I've wondered if those Light Eights didn’t have good performance, the power-to-weight ratio is high for the era. The coupe sedan has wonderful proportions, shame its so rare. They should have added one more body style based on it: a convertible victoria. In all the years of Packard events, I've only encountered one each of the ‘32 900 and ‘33 1001 coupe sedans.

Wonder if anyone at EGP in 1932 spirited a Light Eight 900 frame off to the experimental shop to fit it with a Twin Six engine and chassis components? Then the in-house body department stirring up a slick speedster, take it to the proving grounds track to see what it would do. Fun to think about…

Steve

Added 12-8-2019
On another topic:

The following was related on the AACA Forum by Ben P. about his grandfather Ed Benson’s experiences in the taxi business in Midland, Michigan. Its edited and presented here with his permission.

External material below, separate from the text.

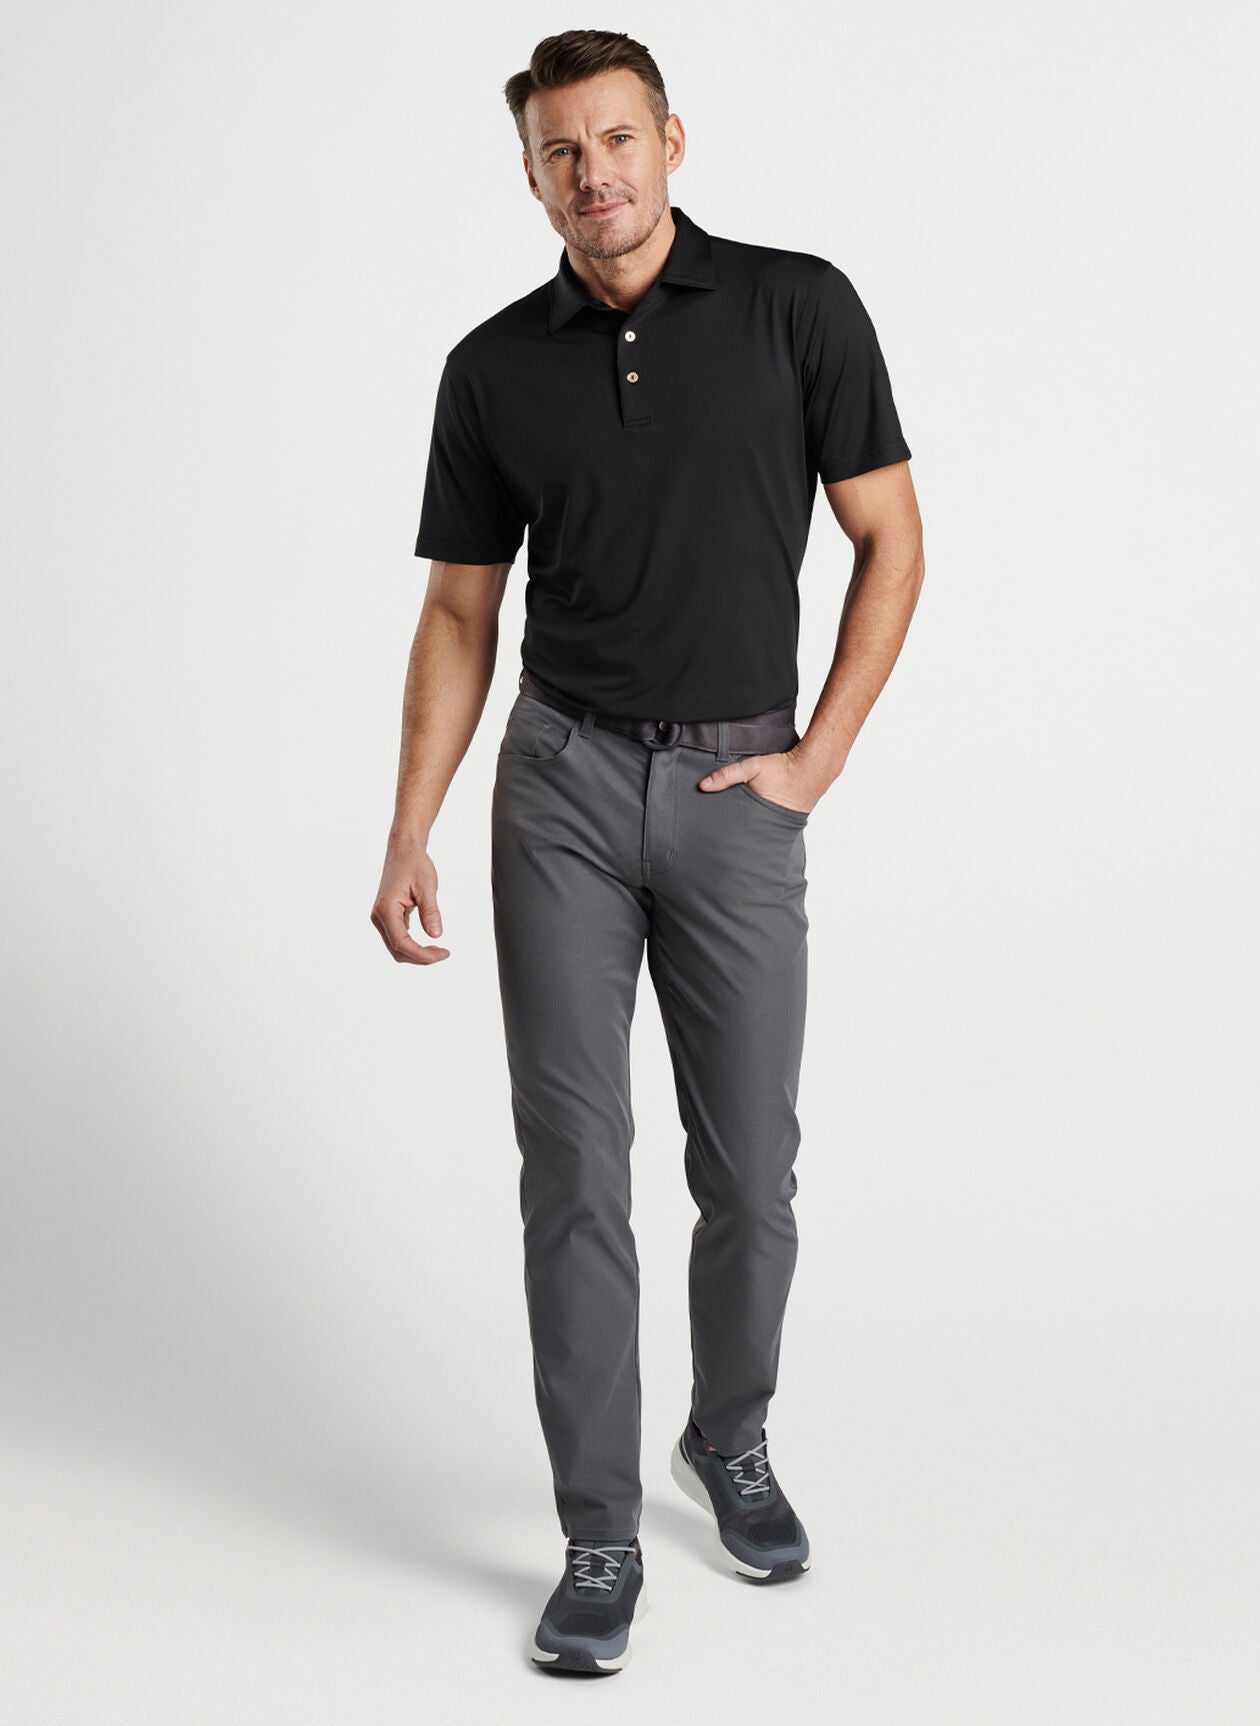 Men's short-sleeved polo shirt in black merino wool | Golden Goose

“From about 1930 to 1947 my grandfather owned a taxicab company in Midland Michigan. He started out with Plymouths, but mostly ran Hudson Terraplanes once those came out. He also rented out boat motors and vans.
At some point in the late 30’s the local funeral home convinced him to buy a DeSoto ‘limousine’ on the promise that they would hire his services and take up its predominant use (they could not afford their own).
I note this because that car was a 7 passenger car with jump seats and no divider window — perhaps that’s not what we call it today or the factory called it then, but I can assure you that people on the street then DID call it a limousine.”…

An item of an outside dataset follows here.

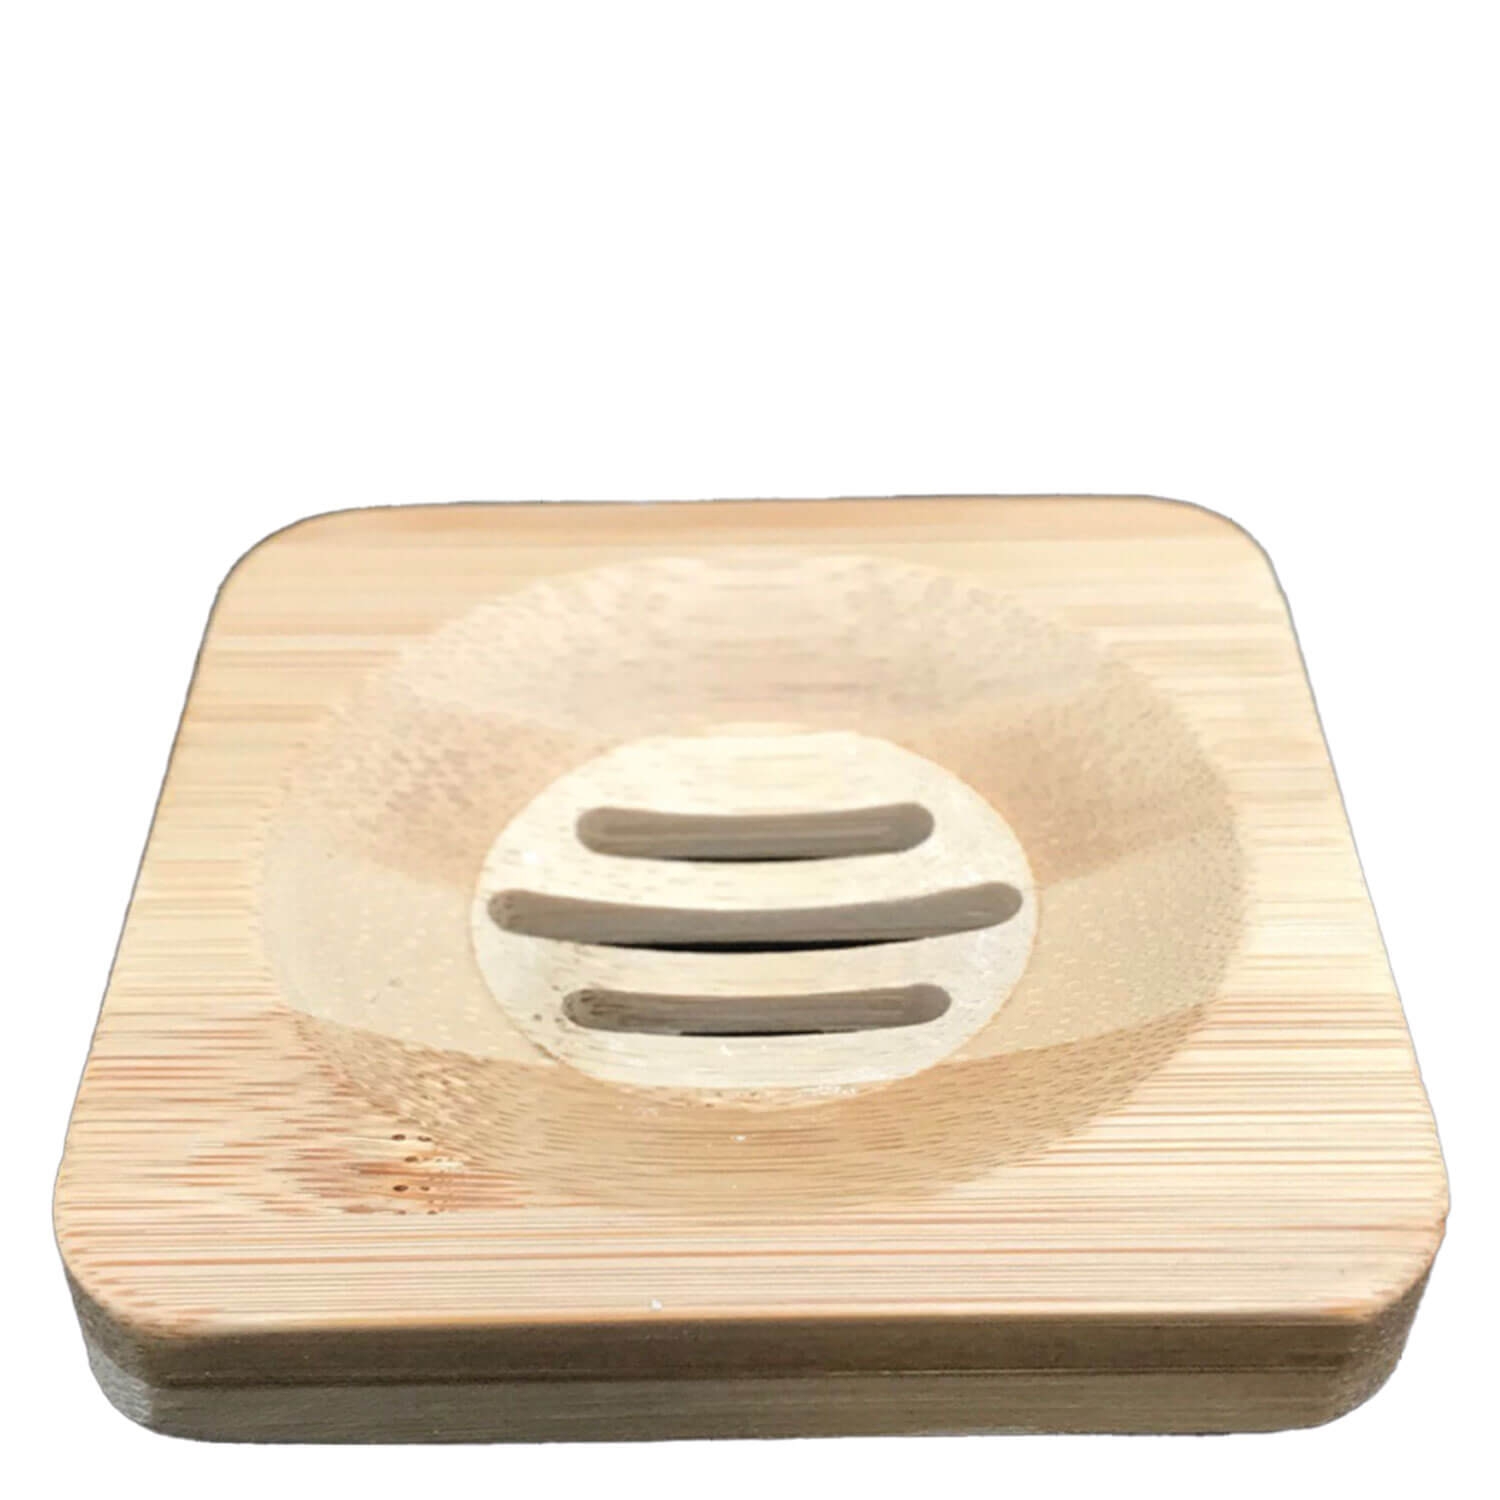 Produktbild von HiBAR - Seifenschale aus Bambus

…“After the war he got a fleet of 1946 Packard Clippers — because that’s all he could get his hands on. He HATED those Packards. They were terrible. Here he had survived the worst of the depression, literally living in the taxi-service garage just barely eking it out. Survived the war (in which he enlisted - trusting the business to family) — then come those ___damned Packards. Constant repairs, drove him broke, finally gave up on the business. He hated the Packard name like poison.

Further:

“At any rate, they were truly terrible cars. My grandmother STILL talks about them and gets angry. They were trying to build a house and those Packards were taking every cent just to keep them running. He had bought 6-9 of them (no one remembers precisely), I believe both 6’s and 8’s. I’m pretty sure the one in the picture is a 6 — though I’m not a Packard expert.

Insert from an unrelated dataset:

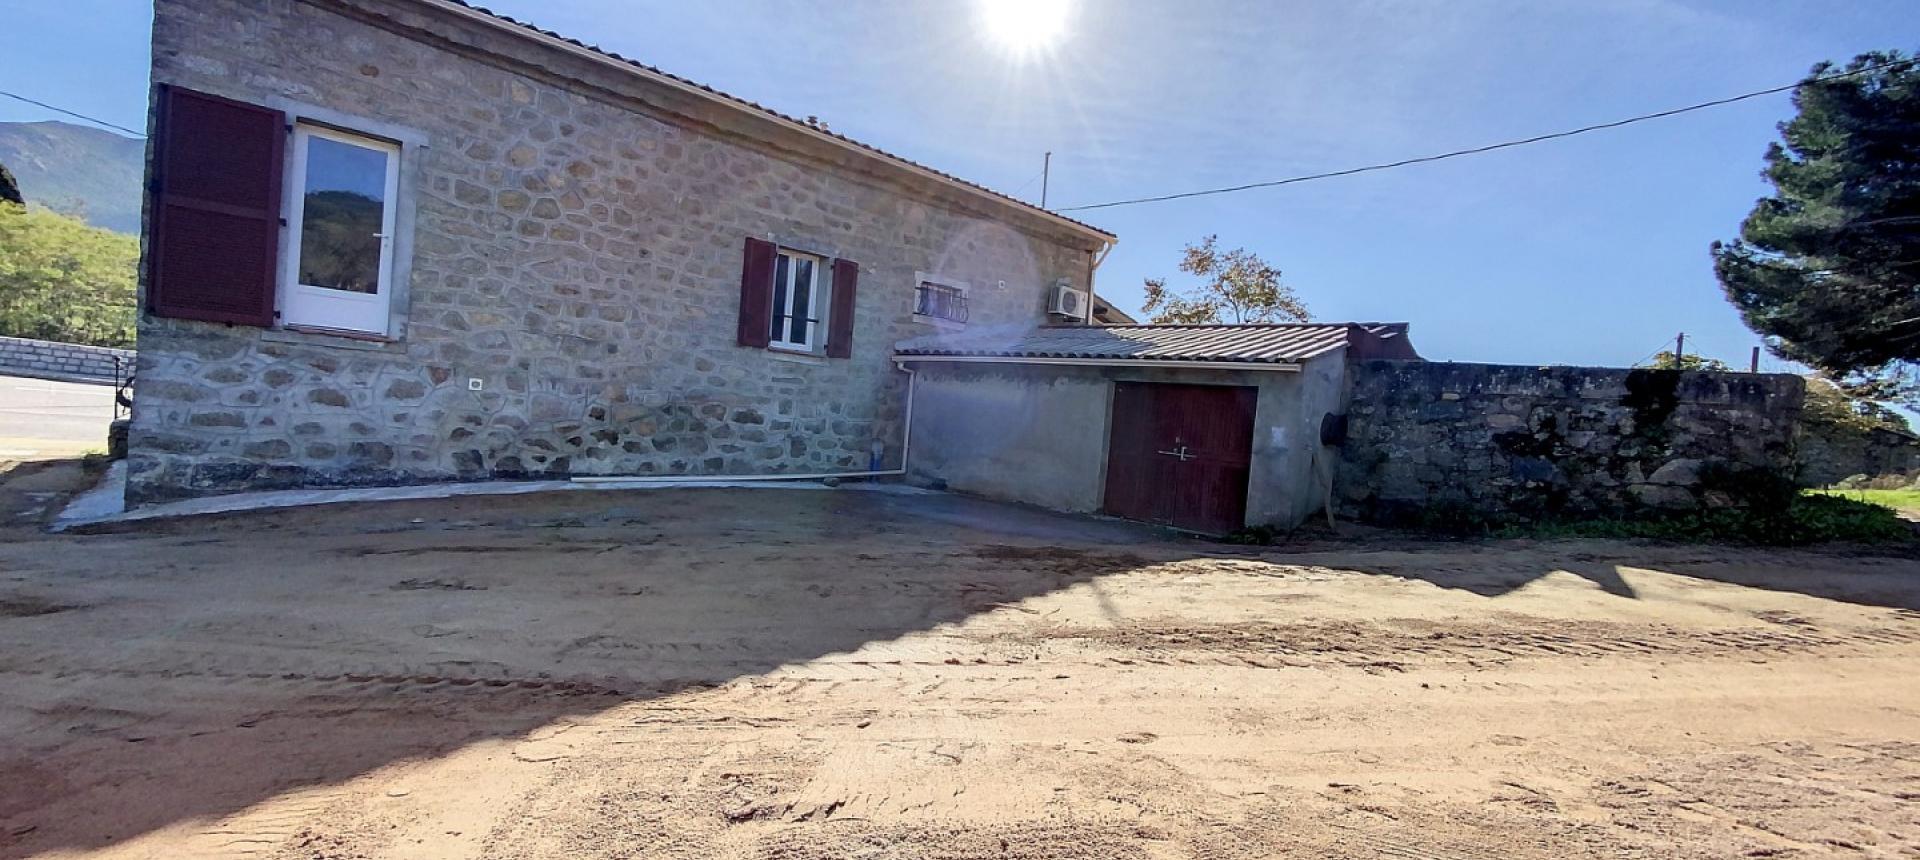 Maison à rénover à vendre proche Ajaccio - Plaine de Peri

I owned a post-war Studebaker which he helped me on quite a bit. He called it a ‘pretty good car’. He told me that as Packard was failing in the 1950’s (and eventually merged with Studebaker) there was nobody mourning the Packard name — their reputation had become that bad. His name was Ed Benson.”

As related by his grandson, Ben P.

Its good to have this recollection out these many decades later least we wear our rose-colored glasses too much viewing our favorite cars now. If these were standard Clippers intended for private use and not the rigors of taxi service, the dealer lost a potential loyal customer. Mr. Benson may well have bought early production cars too, which given the rush to get new cars out saw poor assembly quality for all makes across the board. After three-years-plus of no new cars except those procured through allocation, the general fleet was badly worn out and need of replacement, especially taxis.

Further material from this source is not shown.